Buck Shlegeris: I think these are all kind of exciting ideas. I think they're all kind of better ideas than I expected to exist for this problem a few years ago. Which probably means we should update against my ability to correctly judge how hard AI safety problems are, which is great news, in as much as I think that a lot of these problems are really hard. Nevertheless, I don't feel super optimistic that any of them are actually going to work. One thing which isn't in the elevator pitch for IDA, which is iterated distillation and amplification (and debate), is that you get to hire the humans who are going to be providing the feedback, or the humans whose answers AI systems are going to be trained with. And this is actually really great. Because for instance, you could have this program where you hire a bunch of people and you put them through your one month long training an AGI course. And then you only take the top 50% of them. I feel a lot more optimistic about these proposals given you're allowed to think really hard about how to set it up such that the humans have the easiest time possible. And this is one reason why I'm optimistic about people doing research in factored cognition and stuff, which I'm sure Rohin's going to explain in a bit.

One comment about recursive reward modeling: it seems like it has a lot of things in common with IDA. The main downside that it seems to have to me is that the human is in charge of figuring out how to decompose the task into evaluations at a variety of levels. Whereas with IDA, your system itself is able to naturally decompose the task into a variety levels, and for this reason I feel a bit more optimistic about IDA.

Rohin Shah: With recursive reward modeling, one agent that you can train is just an agent that's good at doing decompositions. That is a thing you can do with it. It's a thing that the people at DeepMind are thinking about. 
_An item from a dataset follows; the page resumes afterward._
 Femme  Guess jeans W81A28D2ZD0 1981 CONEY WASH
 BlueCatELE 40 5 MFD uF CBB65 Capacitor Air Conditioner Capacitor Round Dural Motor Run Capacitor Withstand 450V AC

Buck Shlegeris: Yep, that’s a really good point. 

Rohin Shah: I also strongly like the fact that you can train your humans to be good at providing feedback. This is also true about specification learning. It's less clear if it's true about ambitious value learning. No one's really proposed how you could do ambitious value learning really. Maybe arguably Stuart Russell's book is kind of a proposal, but it doesn't have that many details.

Buck Shlegeris: And, for example, it doesn't address any of my concerns in ways that I find persuasive.

Rohin Shah: Right. But for specification learning also you definitely want to train the humans who are going to be providing feedback to the AI system. That is an important part of why you should expect this to work.

Buck Shlegeris: I often give talks where I try to give an introduction to IDA and debate as a proposal for AI alignment. I'm giving these talks to people with computer science backgrounds, and they’re almost always incredibly skeptical that it's actually possible to decompose thought in this kind of a way. And with debate, they're very skeptical that truth wins, or that the nash equilibrium is accuracy. For this reason I'm super enthusiastic about research into the factored cognition hypothesis of the type that Ought is doing some of.

I'm kind of interested in your overall take for how likely it is that the factored cognition hypothesis holds and that it's actually possible to do any of this stuff, Rohin. You could also explain what that is.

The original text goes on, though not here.